Kur'an'daki "veli" sözcüğünün inanan insanları açıkladığında şüphe yoktur. Çünkü pek çok ayette, inananlar Allah'ın velisi olara tanımlanmış ve aynı zamanda veliler hakkındaki belirlemeler, bu sözcüğün "inanan" kimseler dışında bir kişiye işaret etmediğini göstermektedir. Sözgelimi, "Allah, iman edenlerin dostudur. Onları karanlıklardan aydınlığa çıkarır. Kâfirlerin velileri ise tâğûttur. (O da) onları aydınlıktan karanlıklara (sürükleyip) çıkarır. Onlar cehennemliklerdir. Orada ebedî kalırlar"187 ayetinde, Allah bütün inananların dostu olarak açıklanmıştır. Bu anlamda mevlâ sözcüğü de velî sözcüğünün anlamını ifade etmektedir.188 "Allah'ın dostları için, korku yoktur ve onlar üzülmeyeceklerdir"189 ayetinde ise, Allah dostları hakkında "korku olmadığı" ve “üzülmeyecekleri" belirlemeleri, diğer ayetlerde inanan bütün insanlar için kullanılmaktadır. Kur'an'da kullanılan "veli" sözcüğü, gerçekte sosyal ilişkileri açıklayan bir terimdir ve bu anlamıyla da Kur'an'da pek çok yerde kullanılmaktadır. İki kişi arasındaki yakınlığı ifade etmek üzere kullanılan sözcükler arasında anlam farklılığının olması, yakınlığın çeşitli düzeylerinin olduğuna işaret etmektedir. Kan bağı dışında ortaya çıkan bu düzeyler arkadaş (zemîl) ve dostluk (velî) düzeylerdir.

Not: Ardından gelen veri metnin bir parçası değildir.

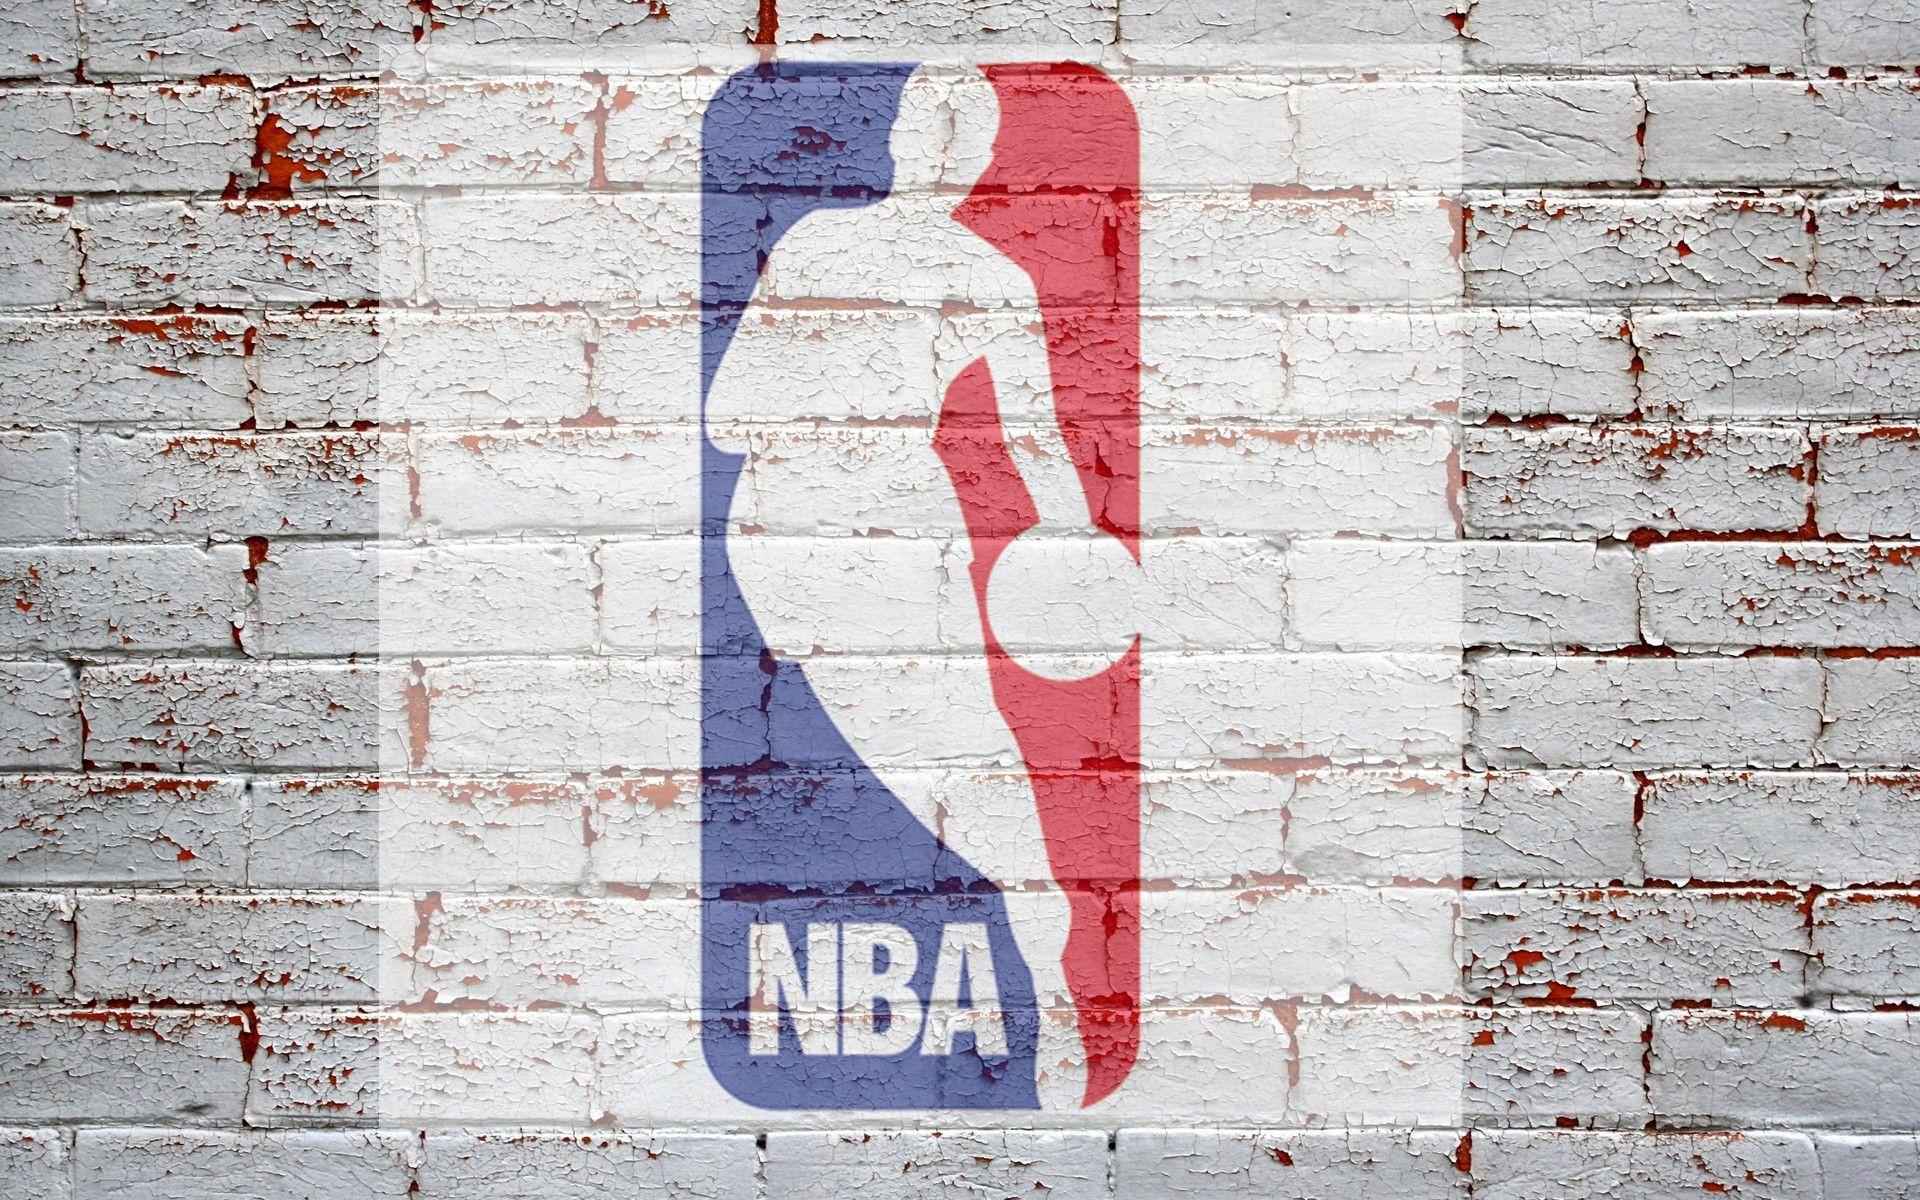 精选NBA篮球巨星壁纸_体育_太平洋科技

Kuşeyrî, veli sözcüğünün fâil anlamında mübalağa olarak faîl kipinde olabileceği gibi, mefûl anlamında da faîl kipinde olabileceğini de söylemektedir. Bu durumda veli sözcüğü, koruma ve kollamada mübalağayı veya korunun ve kollanan anlamlarını ifade eder. Sosyal ilişkiler düzeyindeki velayet, bir başkasının korunması ve kollanmasını ifade etmektedir. Bu anlamıyla velî sözcüğü Allah'ın sıfatı olarak kullanılmakta ve onun kullarını koruma ve kollamasını açıklamaktadır.

Erenlerin, hakka yürümelerinden sonra onların defin edildikleri gerçek mezarlar veya Sarı Saltık türbesinde olduğu gibi gerçek olarak benimsenmiş mezarlar, Alevi inancını benimsemiş insanlar tarafından ziyaret edilmektedir. Bu ziyaret yerleri, Alevilik açısından önemli "kutsal yer" kültlerini de oluşturmaktadır. Erenlerin türbelerinin bulunduğu yerlerin kutsanması anlayışı, diğer dinler ve ekollerin anlayışlarında da mevcuttur. Erenler kültünün bir uzantısı olarak gerçekleşen bu ziyaret yerlerindeki ritüeller, asıl olarak erenin Tanrı katındaki yeri nedeniyle ondan aracılık beklemek amacıyla gerçekleşmektedir. Bu olgu, salt Alevi İslam inancını benimseyen kişilerde değil, diğer ekollerin inançlarını benimseyen kişilerde de mevcuttur. Türbelerin oluştuğu dinsel ve kültürel ortama bakıldığında, Alevilik açısından erenlerin ve diğer sufi ekollerde velilerin defin edildikleri yerlerin türbe ismi altında kutsal mekan haline getirildiği görülmektedir. Bir ekolün düşünce sistemini inşa eden veya geliştiren alimlerin defin edildikleri yerlere nazaran, erenlerin ve velilerin türbelerinin inşa edilmesi ve halk tarafından da belirli amaçlarla ziyaret edilmesi, erenin Tanrı katındaki yerinin alime nazaran daha fazla olduğu şeklindeki inançtır. Bu olgu, bu algılamanın yapıldığı yerlerde karizmatik kişiliğin bilgin insana göre itibarının daha geçerli olduğuna işaret etmektedir.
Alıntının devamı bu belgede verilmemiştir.